Smartphones and smartwatches affect pacemakers

Defibrillators are medical devices used to administer and regulate heart rhythms in emergency situations, to correct tachycardia. The FDA has warned that cell phones and smartwatches can affect the functioning of pacemakers.

The US Food and Drug Administration said that the powerful magnets found in some cell phones and smartwatches could interfere with the work of pacemakers and other implanted medical devices, according to the US website UPI.

Studies have shown that these high-strength magnets may cause some implanted medical devices to switch to magnetic mode, which stops their work until the magnet is removed from the device.

And many implanted medical devices contain a magnetic mode which allows them to be operated safely during medical procedures, such as magnetic resonance imaging scans. Doctors usually activate this mode by placing a high-strength magnet near the device, then the device returns to its normal position after removing the field. Magnetic.
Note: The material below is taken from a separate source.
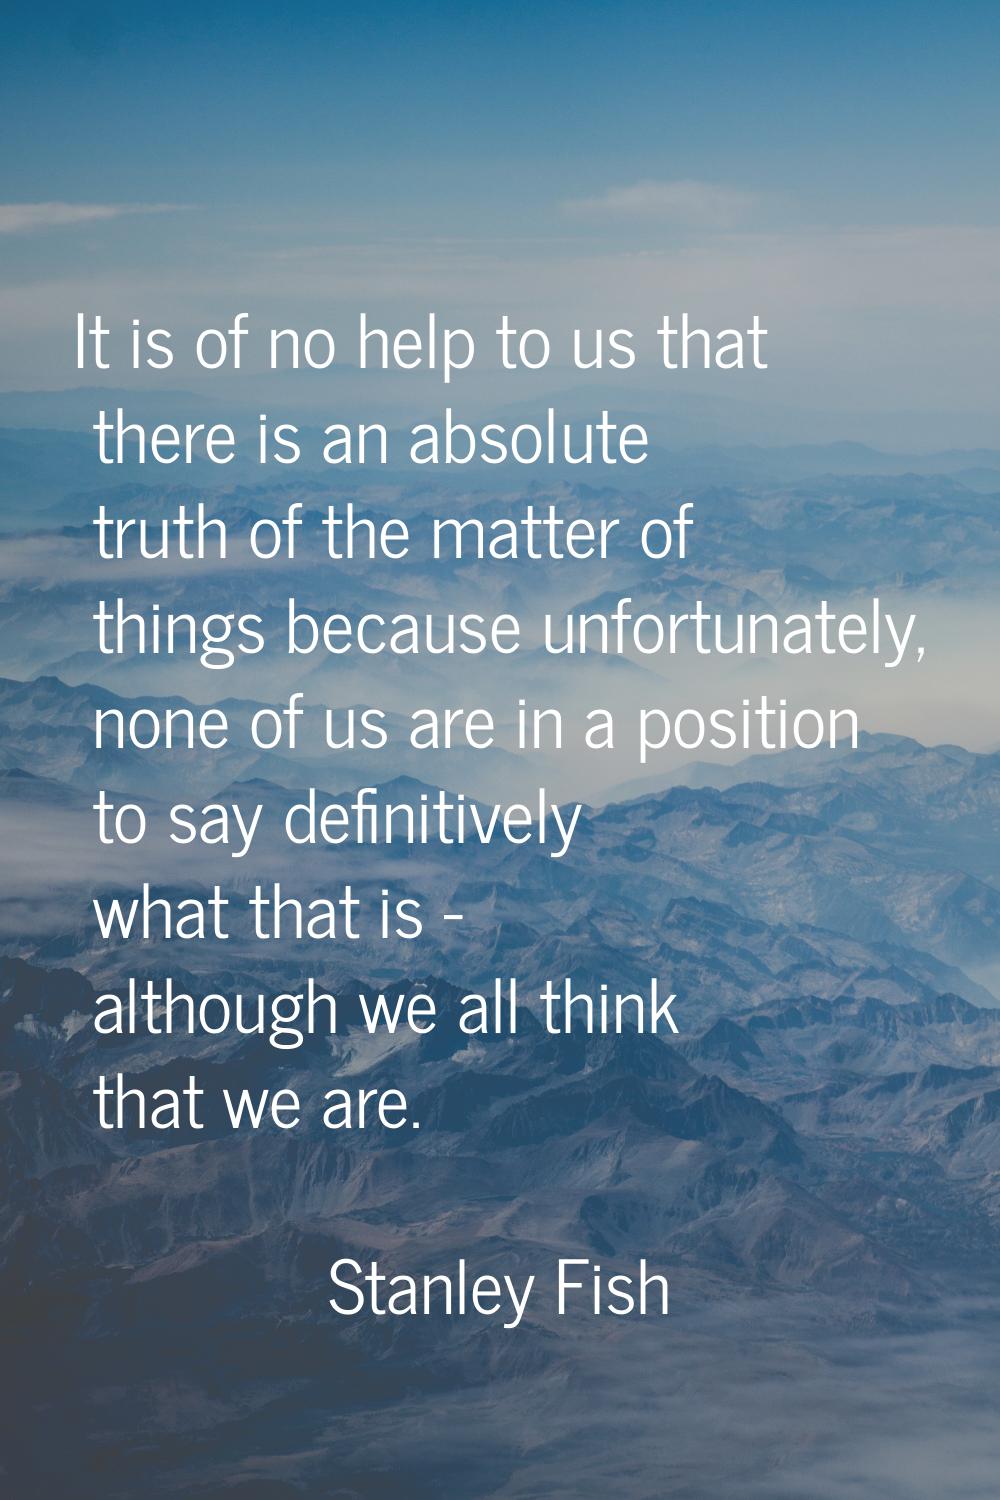 It is of no help to us that there is an absolute truth of the matter of things because unfortunatel

The US Food and Drug Administration said in a statement released this week that patients who have implanted medical devices should take these precautions:

  • Keep cell phones and smartwatches six inches away from implanted medical devices, especially pacemakers.
  • Do not put cell phones in the pocket on top of medical devices.
  • Checking the implanted device regularly.
  • Talk to your doctor immediately if you have any symptoms or if there are questions about the magnets in electronic devices and implanted medical devices.
  • Knowing that when approaching high-strength magnets, devices with magnetic mode can stop working or change their mode of operation.

These implanted devices were designed to help treat heart disorders, such as fast or slow heart rate, and the Food and Drug Administration warned that if these devices stop working, the patient may become dizzy, lose consciousness or die.